10.1 The Symbolic Era (1950s-1980s)
The Dream of Machine Intelligence
The story begins with Alan Turing's 1950 paper "Computing Machinery and Intelligence", which posed the question that still drives AI research: Can machines think?
Turing proposed what we now call the Turing Test: a machine passes if a human interrogator, communicating only through text, cannot reliably distinguish it from a human. This framing was remarkably prescient—it anticipated that language would be central to machine intelligence.
"I propose to consider the question, 'Can machines think?' This should begin with definitions of the meaning of the terms 'machine' and 'think.'"
— Alan Turing, Computing Machinery and Intelligence (1950)
ELIZA: The First Chatbot (1966)
Joseph Weizenbaum at MIT created ELIZA, one of the first programs to engage in human-like conversation. ELIZA simulated a Rogerian psychotherapist using simple pattern matching and substitution rules.

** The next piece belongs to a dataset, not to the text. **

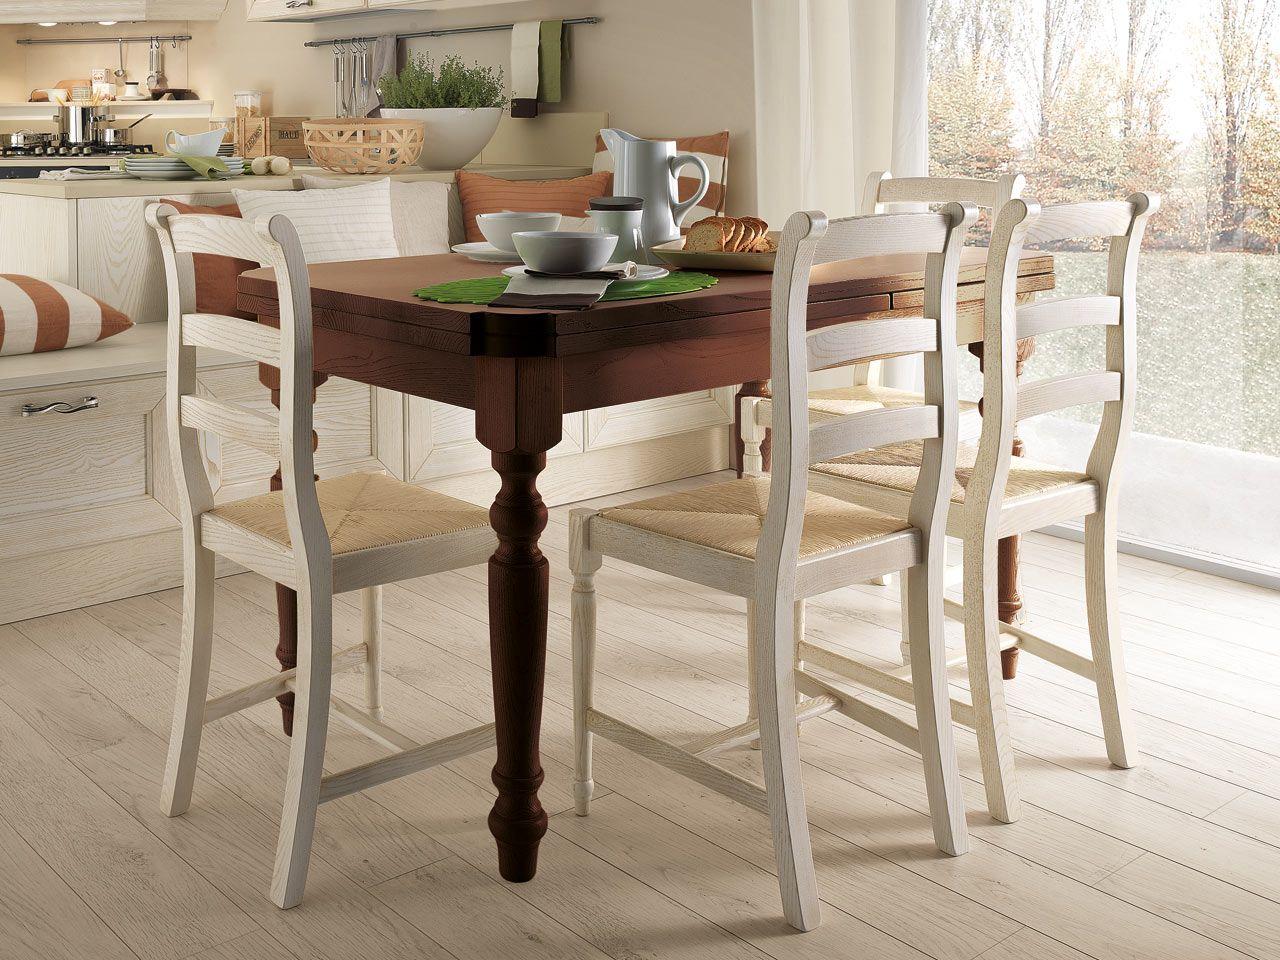 Claudia Table And Chairs Cucine Lube Arredamento Arredamento Casa Piegare Asciugamani Da Bagno
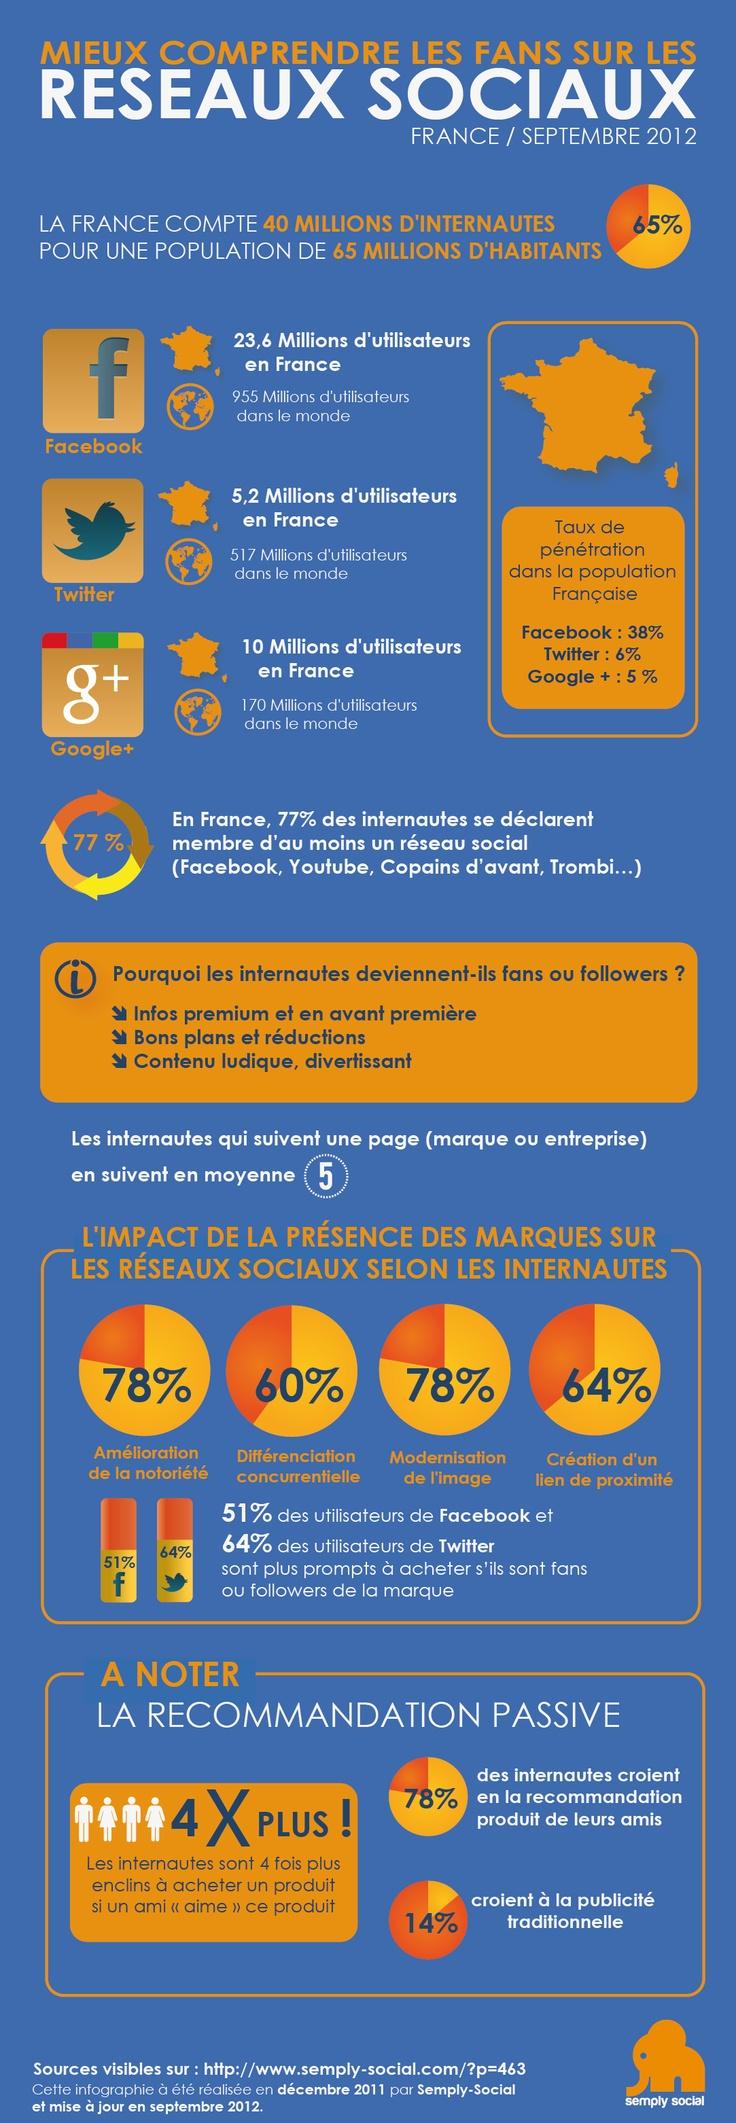 Infographie sur le blog de semply social sur les réseaux sociaux - infographie - www.eewee.fr

# A typical ELIZA conversation
User: I am feeling sad today.
ELIZA: I am sorry to hear you are feeling sad today.
User: My mother doesn't understand me.
ELIZA: Tell me more about your family.
User: I think you don't really understand me either.
ELIZA: What makes you think I don't really understand you?
ELIZA worked by matching keywords ("mother" โ family topic) and transforming sentences with templates. It had no understanding whatsoever—just clever rules. Yet users found it surprisingly engaging, a phenomenon Weizenbaum called the "ELIZA effect."
People have a strong tendency to attribute understanding and emotion to systems that use language, even very simple ones. This psychological phenomenon is crucial for understanding public reactions to modern chatbots—and for being appropriately skeptical about what "understanding" really means.
How ELIZA Actually Worked
Let's peek under the hood. ELIZA's "intelligence" was a set of pattern-matching rules:
# Simplified ELIZA-style rules in Python
rules = [
# (pattern, response_template)
(r"I am (.*)", "Why do you say you are {0}?"),
(r"I feel (.*)", "Tell me more about feeling {0}."),
(r"(.*) mother (.*)", "Tell me more about your family."),
(r"(.*) father (.*)", "How do you feel about your father?"),
(r"I think (.*)", "What makes you think {0}?"),
(r"(.*)", "Please go on."), # fallback
]
def eliza_respond(user_input):
for pattern, response in rules:
match = re.match(pattern, user_input, re.IGNORECASE)
if match:
return response.format(*match.groups())
return "I see. Please continue."
The Chomsky Paradigm
Meanwhile, Noam Chomsky's work dominated academic linguistics. His theory of transformational grammar proposed that language was governed by innate, universal rules—and that statistical approaches were fundamentally misguided.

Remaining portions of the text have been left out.